Kaplan and Norton emphasize that 'learning' is more than 'training';
it also includes things like mentors and tutors within the organization,
as well as that ease of communication among workers that allows
them to readily get help on a problem when it is needed. It also
includes technological tools; what the Baldrige criteria call
"high performance work systems."
The Business Process Perspective
This perspective refers to internal business processes. Metrics
based on this perspective allow the managers to know how well
their business is running, and whether its products and services
conform to customer requirements (the mission). These metrics
have to be carefully designed by those who know these processes
most intimately; with our unique missions these are not something
that can be developed by outside consultants.
The Customer Perspective
Recent management philosophy has shown an increasing realization
of the importance of customer focus and customer satisfaction
in any business. These are leading indicators: if customers are
not satisfied, they will eventually find other suppliers that
will meet their needs. Poor performance from this perspective
is thus a leading indicator of future decline, even though the
current financial picture may look good.
In developing metrics for satisfaction, customers should be analyzed
in terms of kinds of customers and the kinds of processes for
which we are providing a product or service to those customer
groups.
The Financial Perspective
Kaplan and Norton do not disregard the traditional need for financial
data. Timely and accurate funding data will always be a priority,
and managers will do whatever necessary to provide it. In fact,
often there is more than enough handling and processing of financial
data. With the implementation of a corporate database, it is hoped
that more of the processing can be centralized and automated.

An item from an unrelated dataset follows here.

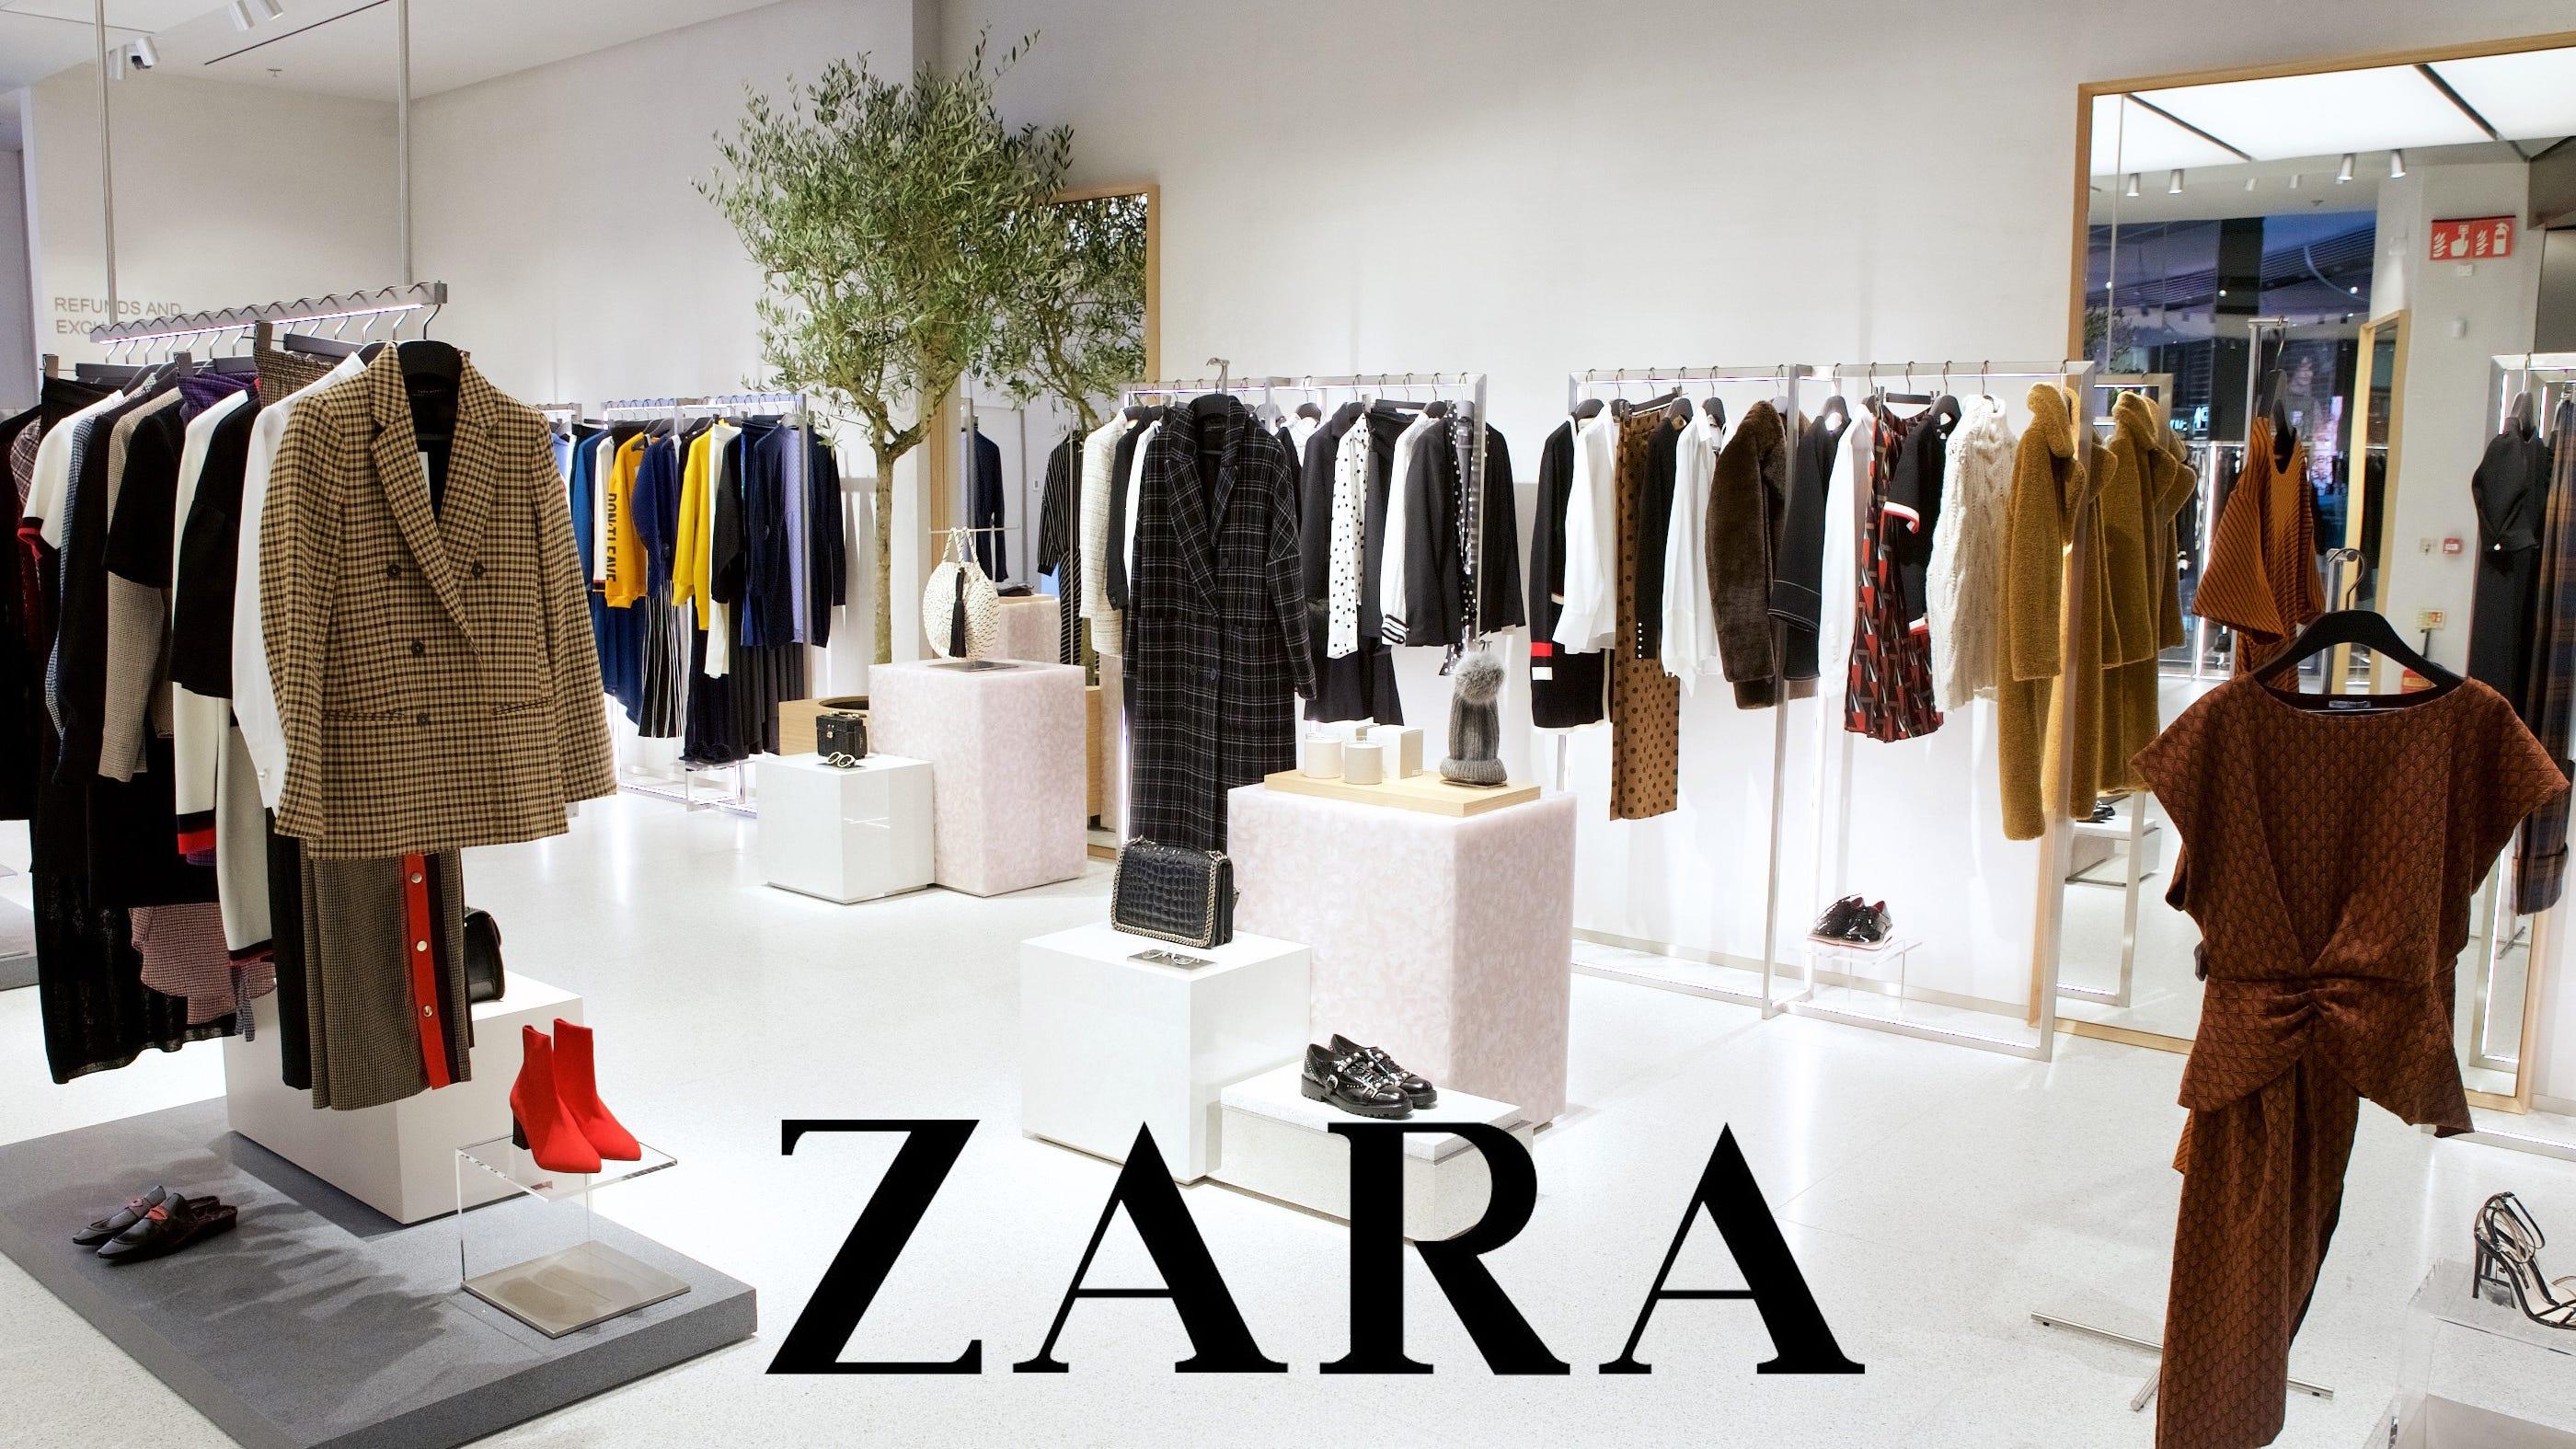 Zara schmuck online
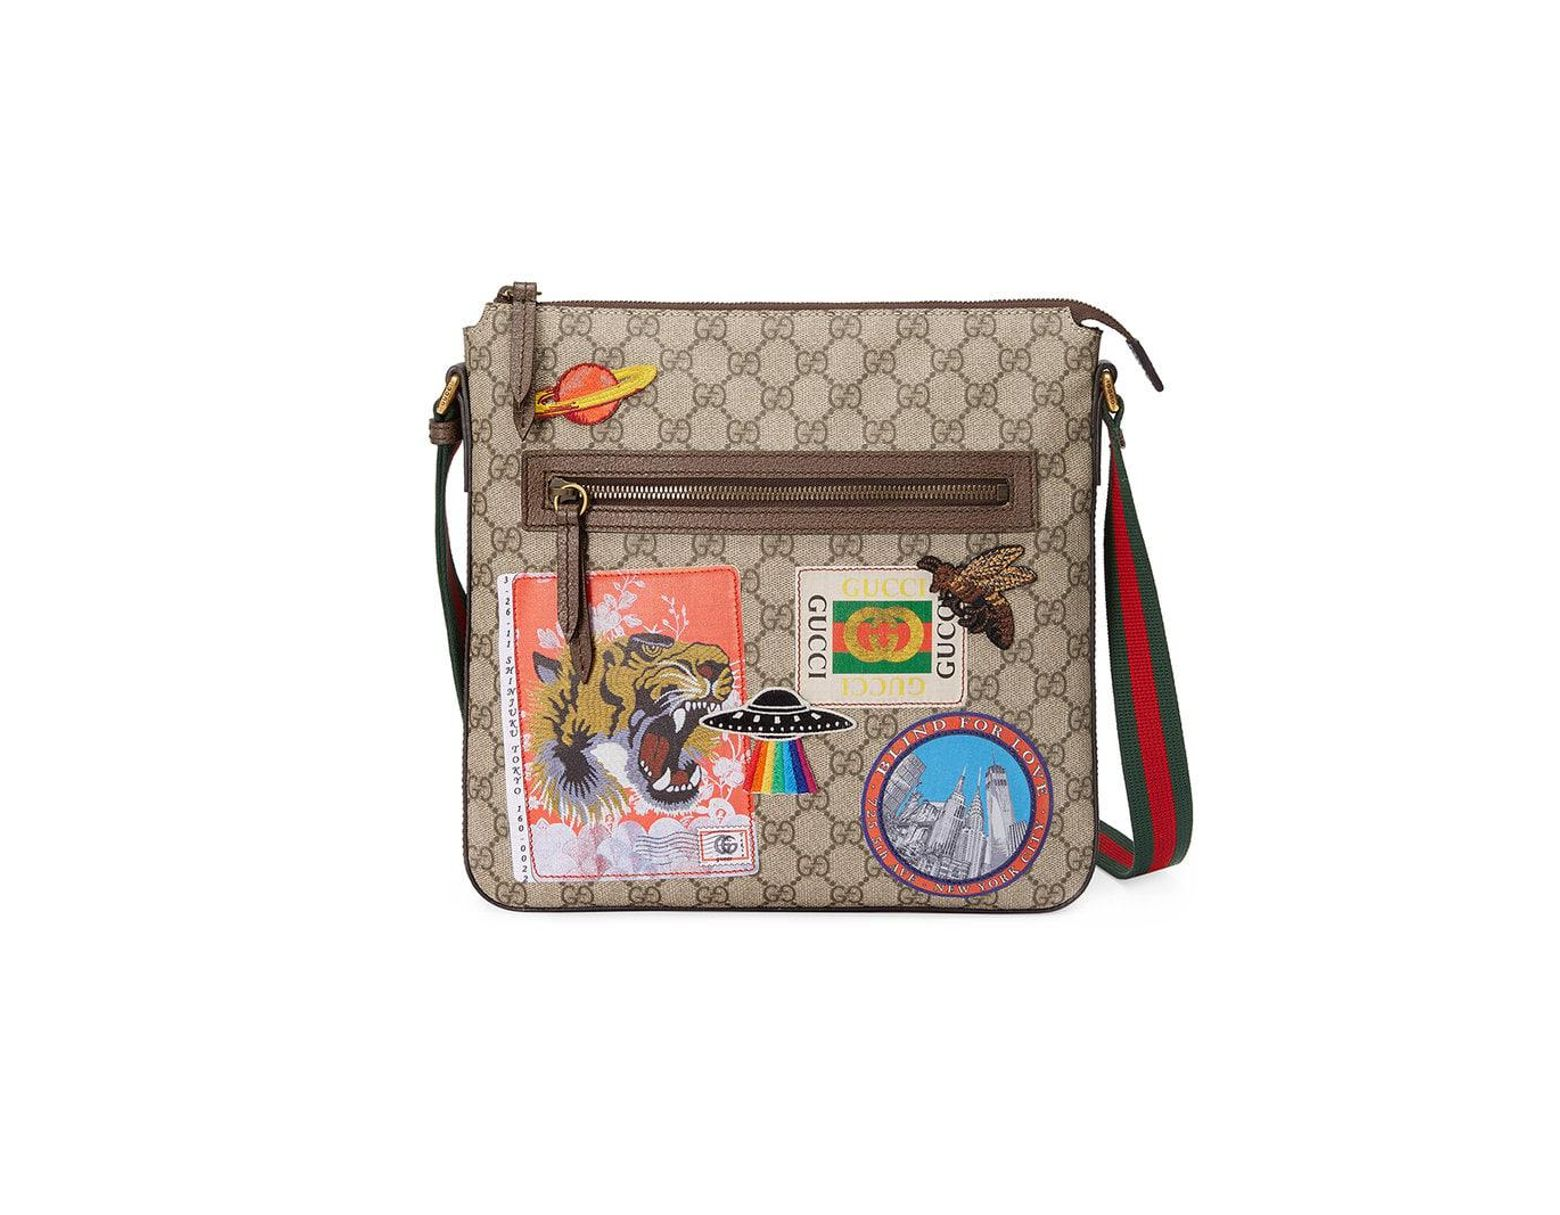 084df9540a5e Gucci Courrier Soft GG Supreme Messenger for Men - Save 12% - Lyst

But the point is that the current emphasis on financials leads
to the "unbalanced" situation with regard to other perspectives.
There is perhaps a need to include additional financial-related
data, such as risk assessment and cost-benefit data, in this category.
Strategy Mapping
Strategy maps are communication tools used to tell a story of
how value is created for the organization. They show a logical,
step-by-step connection between strategic objectives in the form
of a cause-and-effect chain. Generally speaking, improving performance
in the objectives found in the Learning & Growth perspective
enables the organization to improve its Internal Process perspective
Objectives, which in turn enables the organization to create desirable
results in the Customer and Financial perspectives.